Living in suburbs west of Denver, we sometimes have rather windy nights. Tonight it's blowing about 25mph from the west, which means mostly parallel to my bedroom window.

The windows are about 12 years old, double pane, and still well sealed as far as I can tell. However, when the wind gets blowing it's easily loud enough to wake us. Most of the house really just seems to be air movement; not things outside going bump in the night.

I'll remove the screen on the windier nights, which helps somewhat. Any other suggestions to reduce the wind noise through the window?

  • share a photo. Might help understand what kind of siding, how it was installed, etc.
    – noybman
    Feb 27, 2020 at 5:18
  • 1
    Plant a wind break? Any disruption to straight line wind reduces its force, which I assume is causing the noise. If the noise is whistling or howling, then better sealing and insulation is called for.
    – bishop
    Feb 27, 2020 at 5:29

2 Answers 2


In my experience there are several common sources of sound caused by the wind at a window.

  1. Banging screen. The screen is loose and the wind rattles it back and forth in the frame. To test, removed it and see if the noise goes away. To fix, put something in the track to hold the screen tight. Just about anything will work including a stick, or a piece of foam, such as a piece of door weather sealing foam

  2. Banging glass / the window slider. Very similar to the screen issue but for the opening side of the window, especially for a slider window. You don't want to remove it to test like the screen but you can test with the fix noted for the screen. Shim it tight and see if the noise changes

  3. Whistling. This is usually about the shape of the house or a part of it, which can be the edge of the window frame or trim.
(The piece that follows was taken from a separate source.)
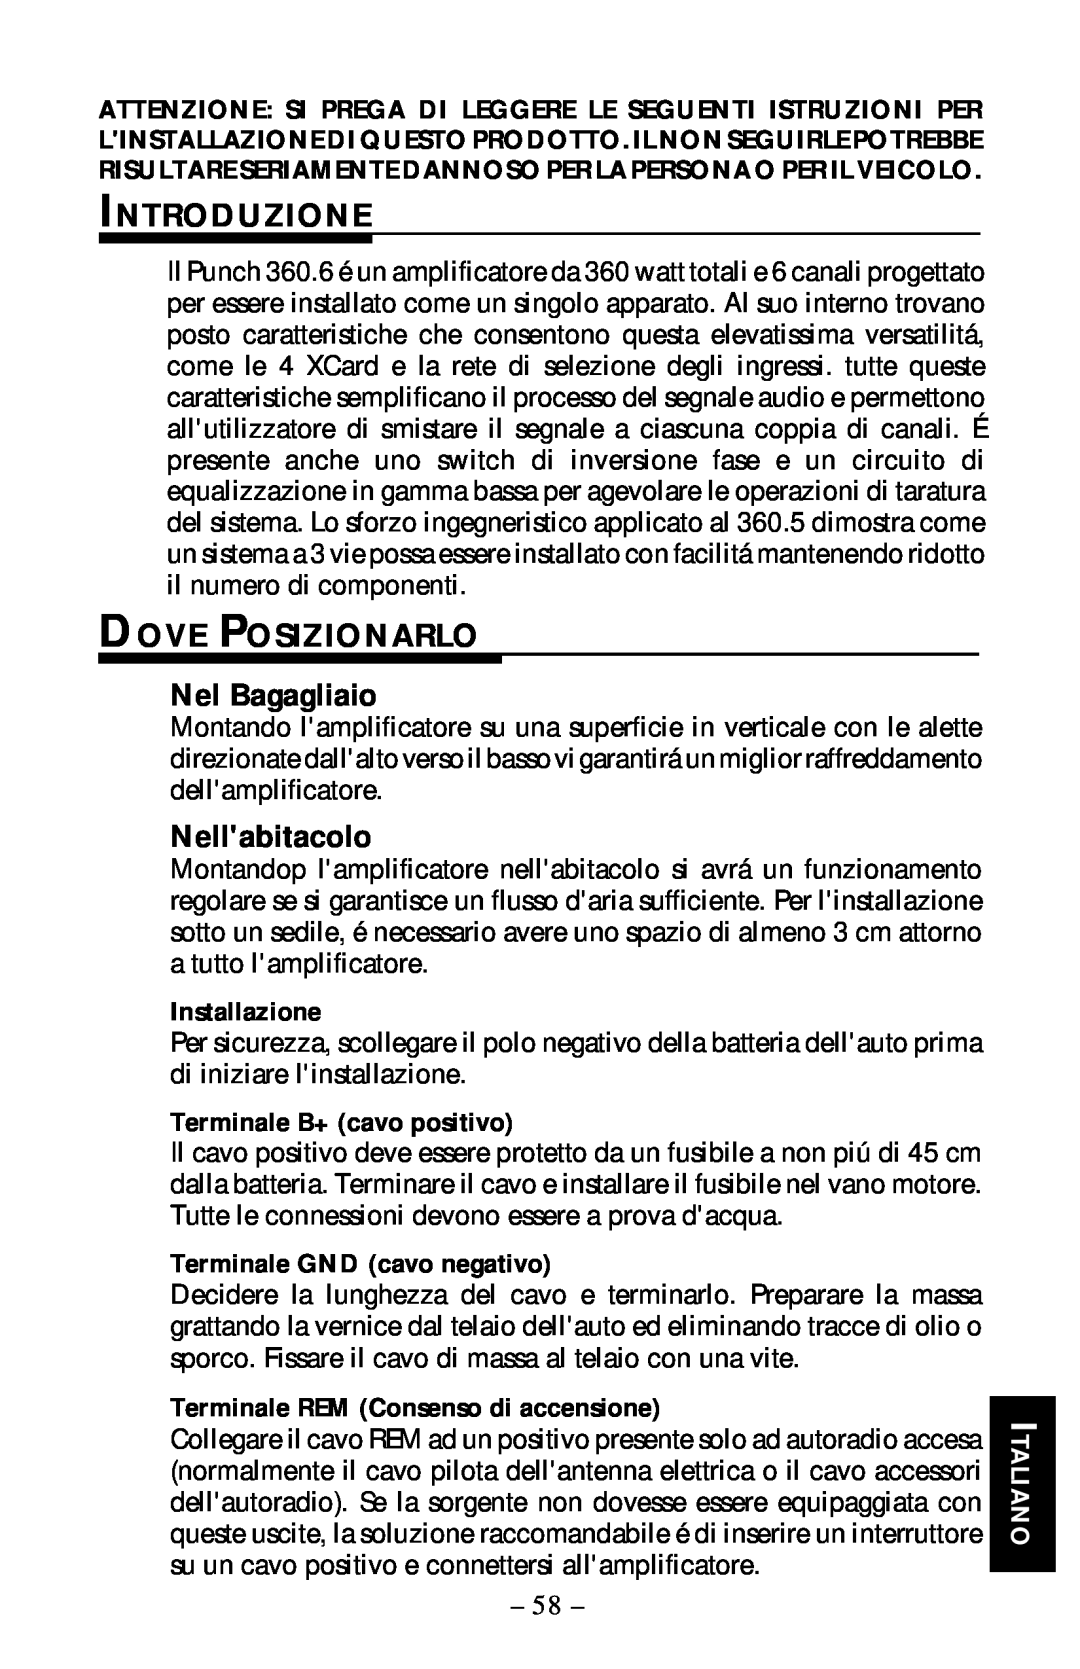 Rockford Fosgate 360.6 manual Introduzione, Dove Posizionarlo, Nel Bagagliaio, Nellabitacolo, Installazione, Italiano

You might need to go outside to investigate and narrow down the source. Likely sources include anything with a sharp edge (think of blowing over the lip of a bottle as a musical instrument). Changing the shape of the edge will change the sound until its gone. Use something appropriate, whether it is a new piece of trim, sanding the edge, or so on

Try listening around the window to see where the noise is loudest. It can help to use a piece of mid-size tubing (maybe 3/8 to 3/4 inch diameter) as a stethoscope of sorts. Hold one end firmly to the ear and probe around the window with the other end. Sounds will be carried through the tubing and you'll be able to localize them better. Listen around the woodwork/casing around the window too, not just points on the window unit itself.

I'll guess that there's not a lot you can do about sound which transmits through the glass. The seal between the movable pane and the fixed pane is a likely place for sound to enter, and this one you may be able to easily improve. If the window is opened never, seldom, or even just seasonally, then foam (weatherstrip) pressed into the gap or tape applied over the gap could help. Watch out not to damage the brush/seal that's already in that space.

You might also be able to determine whether noise is created right there at the window. That removal of the screen helps suggests this could be the case. Experiment in that area a little more. For example, try fitting open cell foam in the space between the screen and the glass on windy nights. Something like a camping mat -- thin foam might be found at a craft store. It'll prevent the screen from vibrating, and it may reduce the noise of wind swirling around the edges in that space. Another experiment to try is externally applied shrink film (find it with other weatherization products in a home center). That may help the air currents to pass by the window with less turbulence. The film would need some support in the middle (the foam would do) to prevent it flapping and vibrating, especially if the window is large.

Also look/listen in other places -- sometimes wind noise comes through wall penetrations for electrical and low-voltage outlets or other unexpected places.